◆ Exercise materials
>>>>
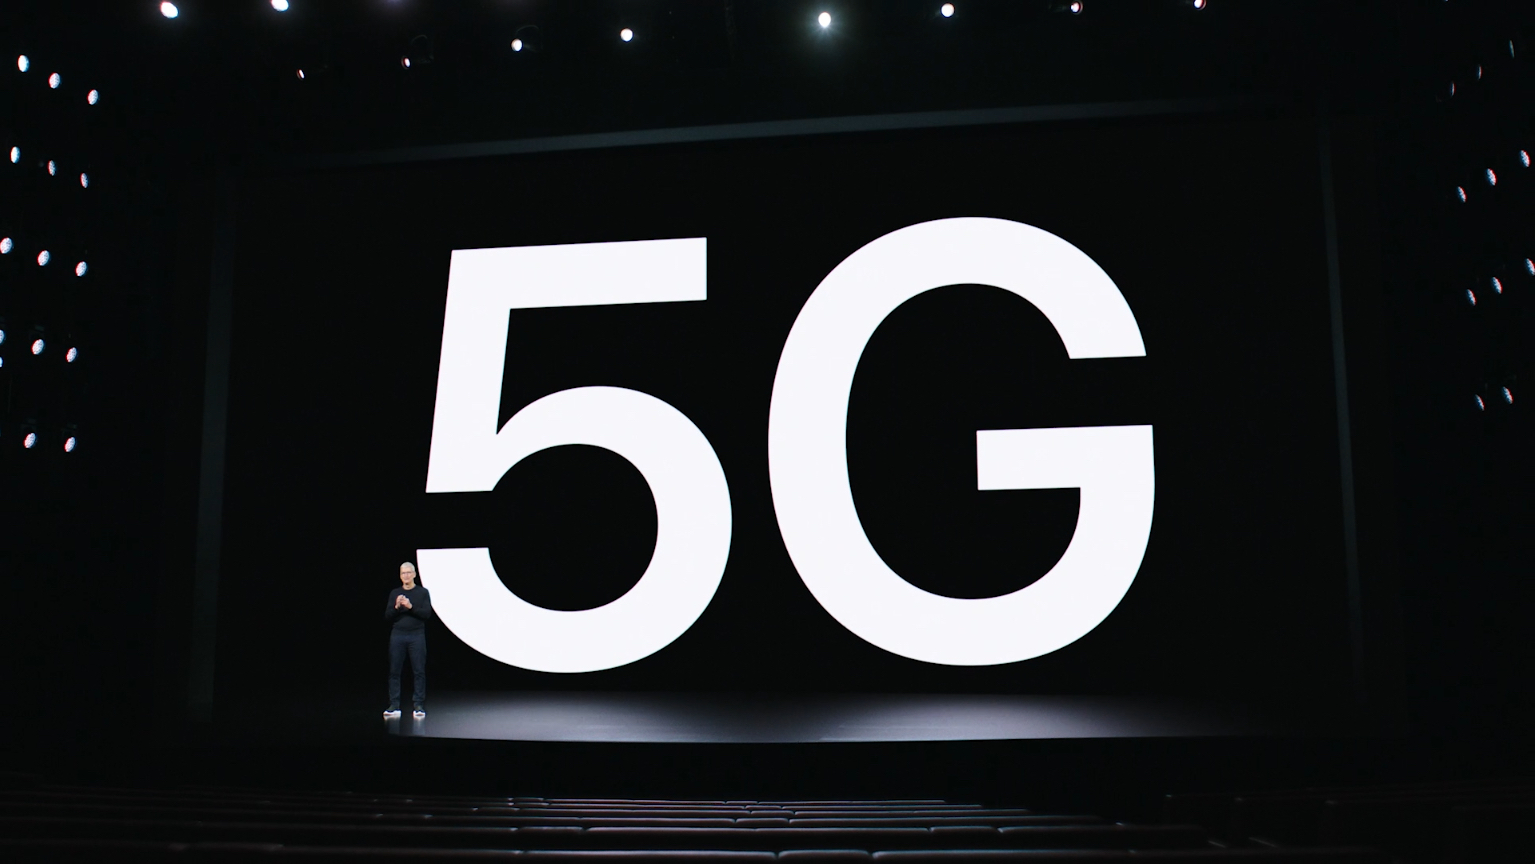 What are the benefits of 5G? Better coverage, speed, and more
<<<<
>>>>
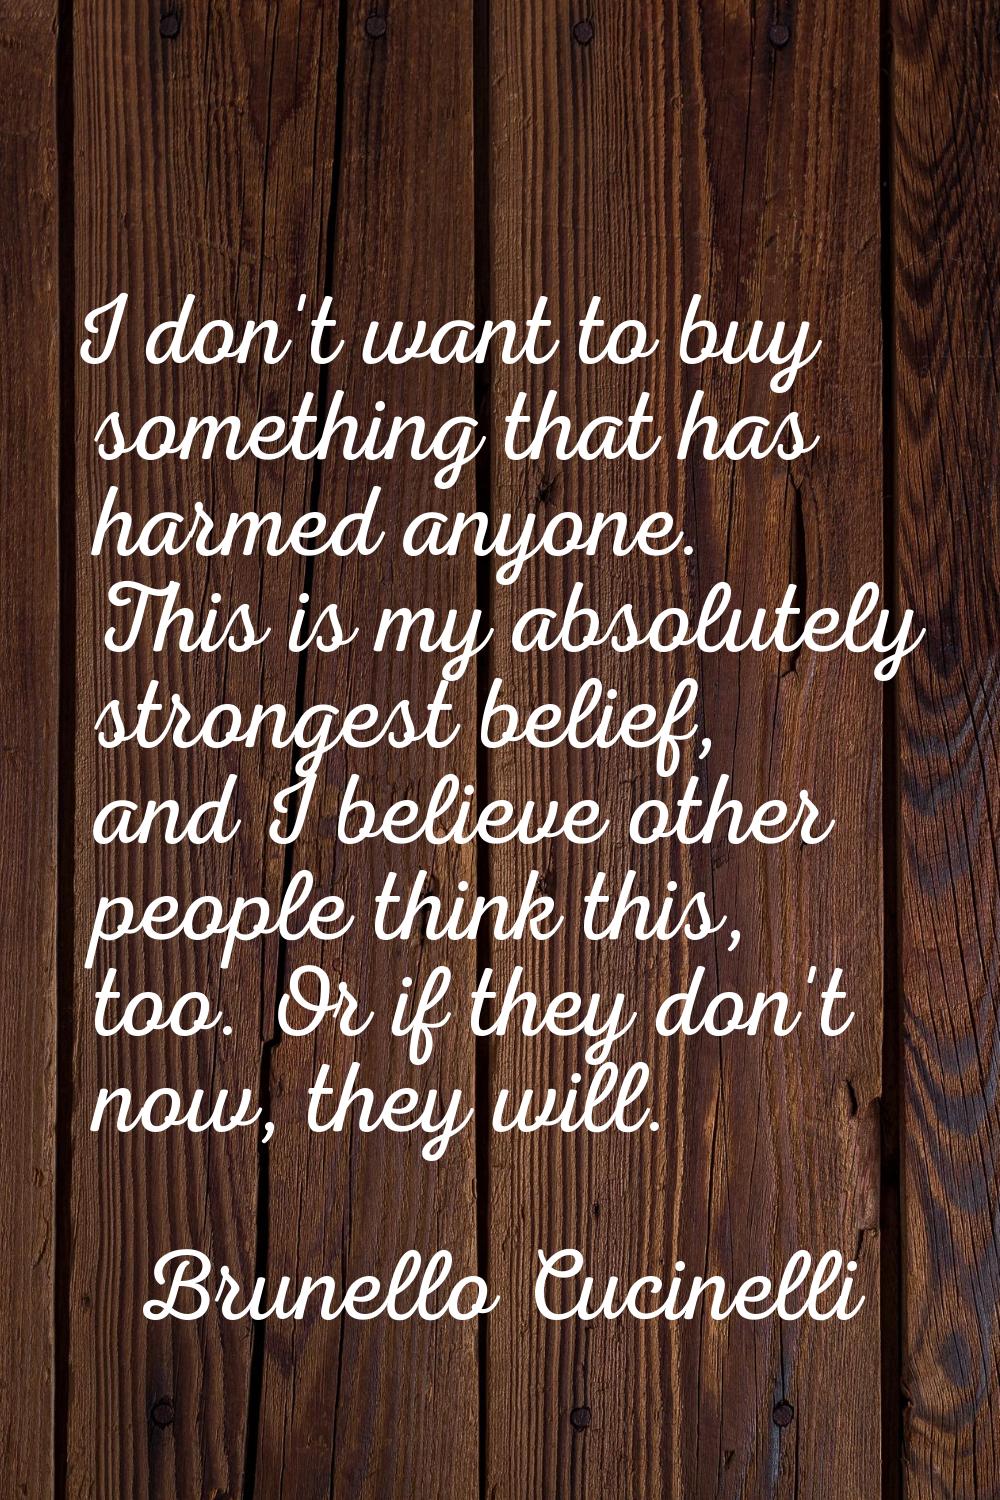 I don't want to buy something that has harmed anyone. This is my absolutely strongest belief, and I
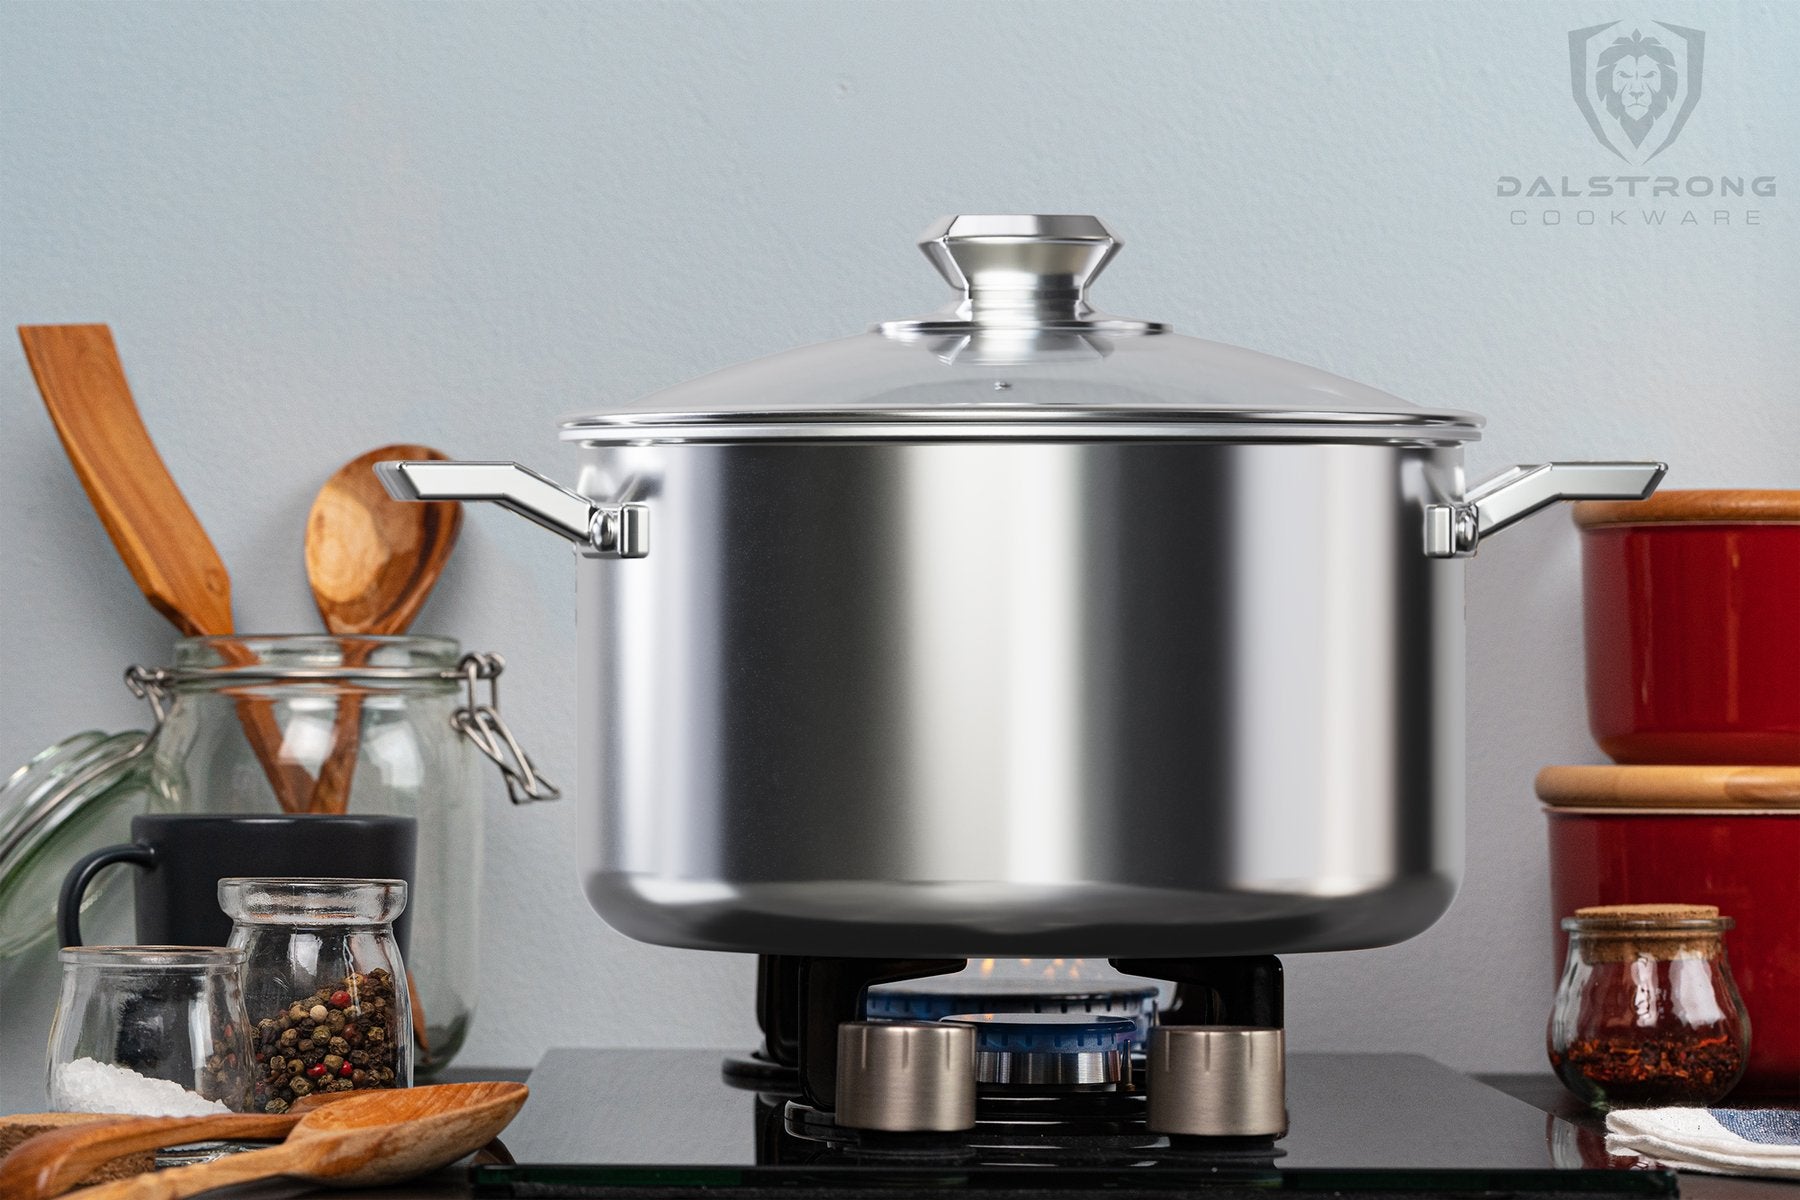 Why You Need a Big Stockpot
<<<<
>>>>
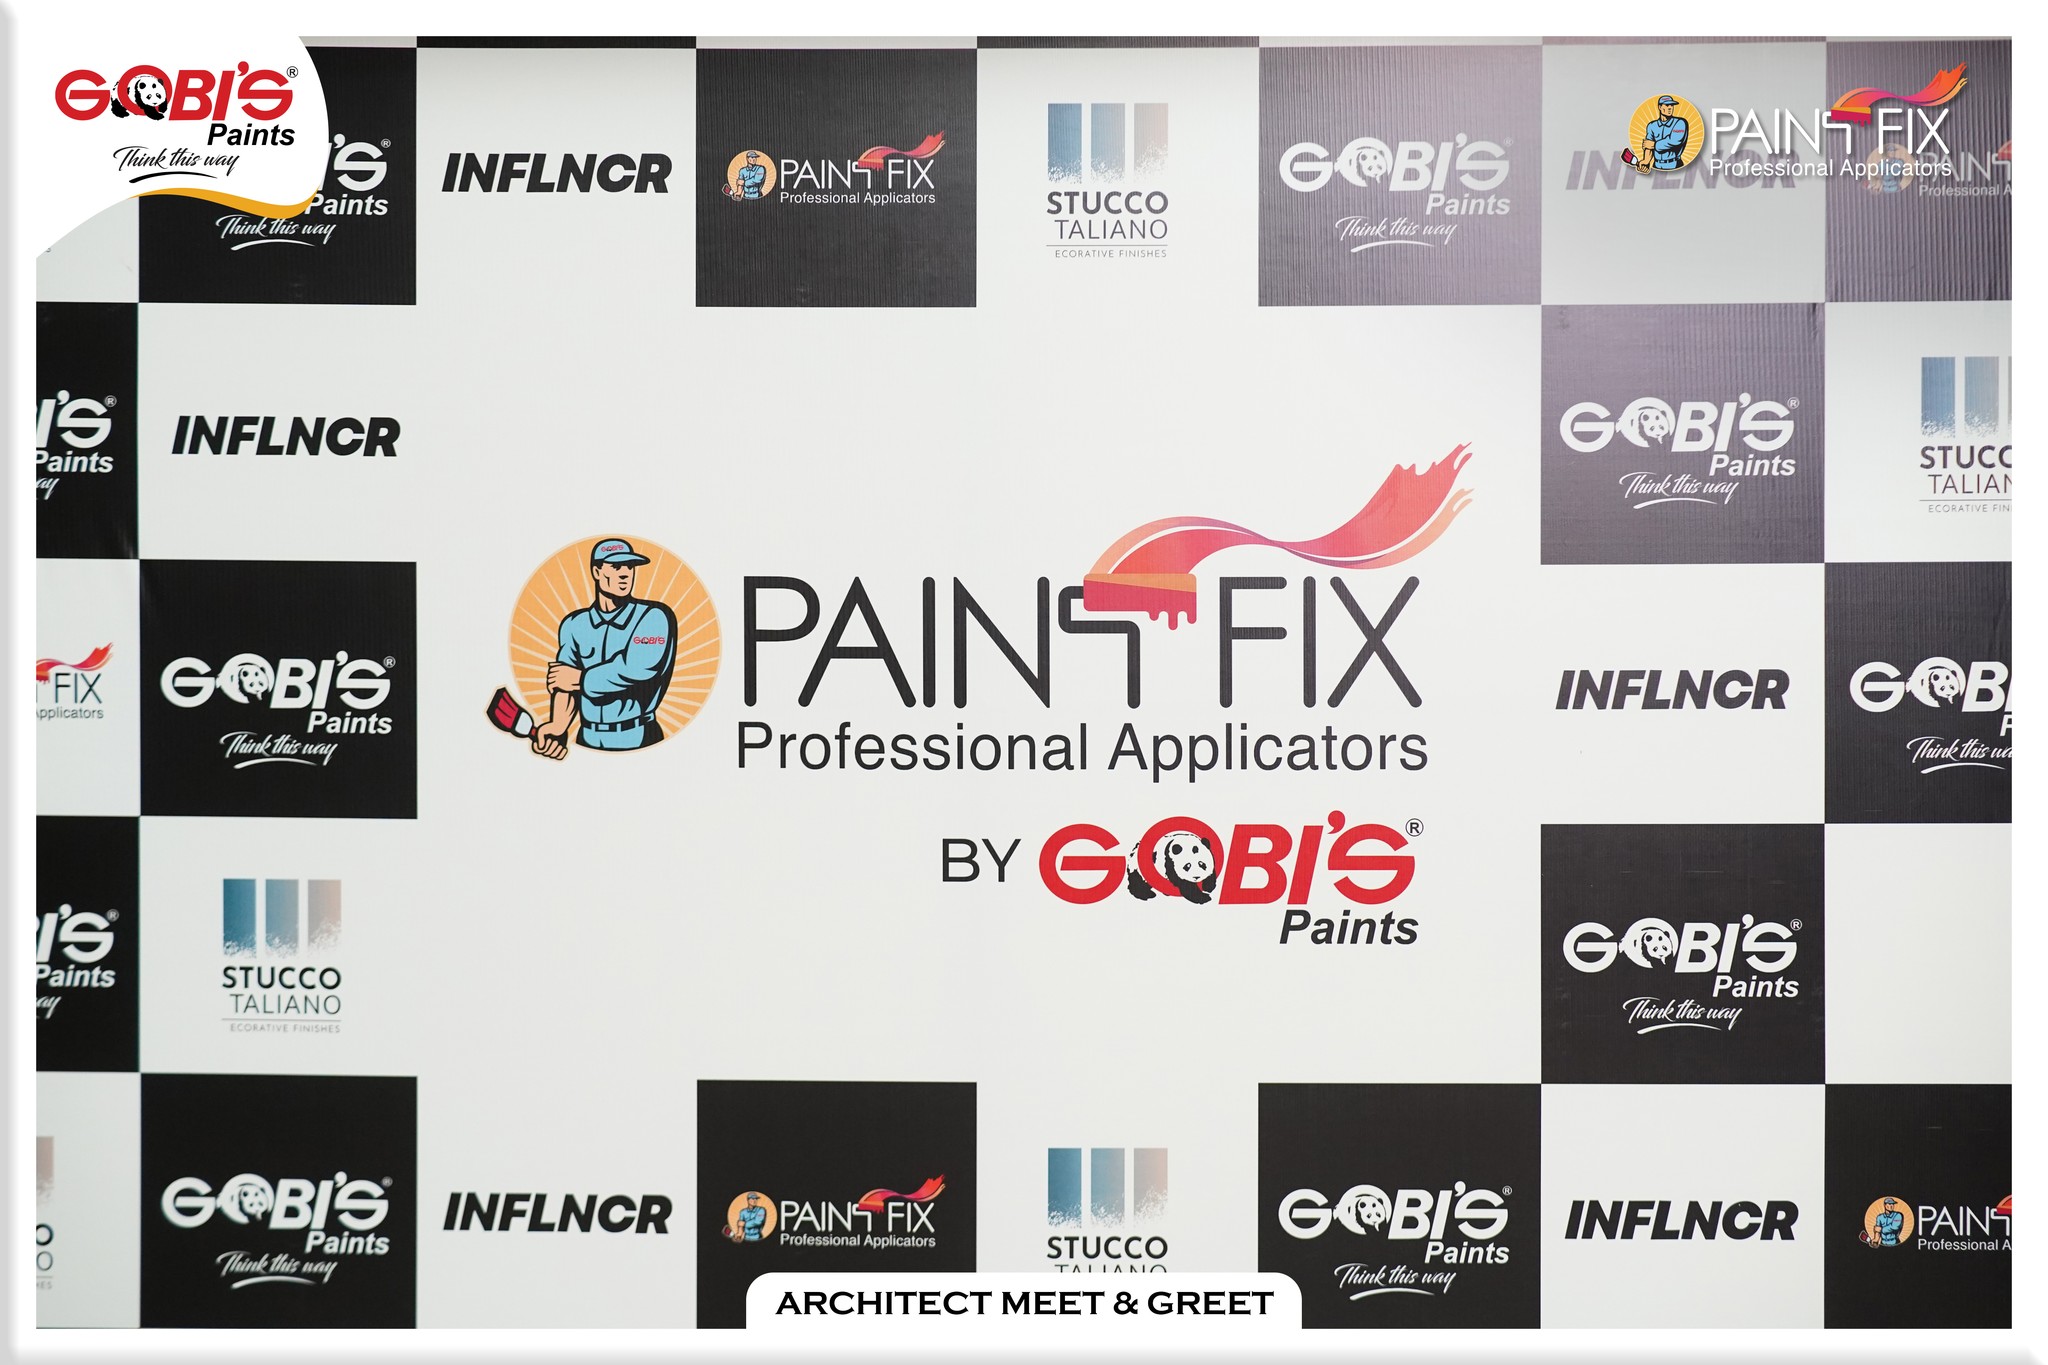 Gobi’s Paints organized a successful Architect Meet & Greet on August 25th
<<<<
◆ Problem details
Would you copy, word for word, only the lines above from the one containing "I don't want" through the one containing "Why You Need a Big Stockpot", both included, and please leave out the pictures?

◆ Final answer
 I don't want to buy something that has harmed anyone. This is my absolutely strongest belief, and I
 Why You Need a Big Stockpot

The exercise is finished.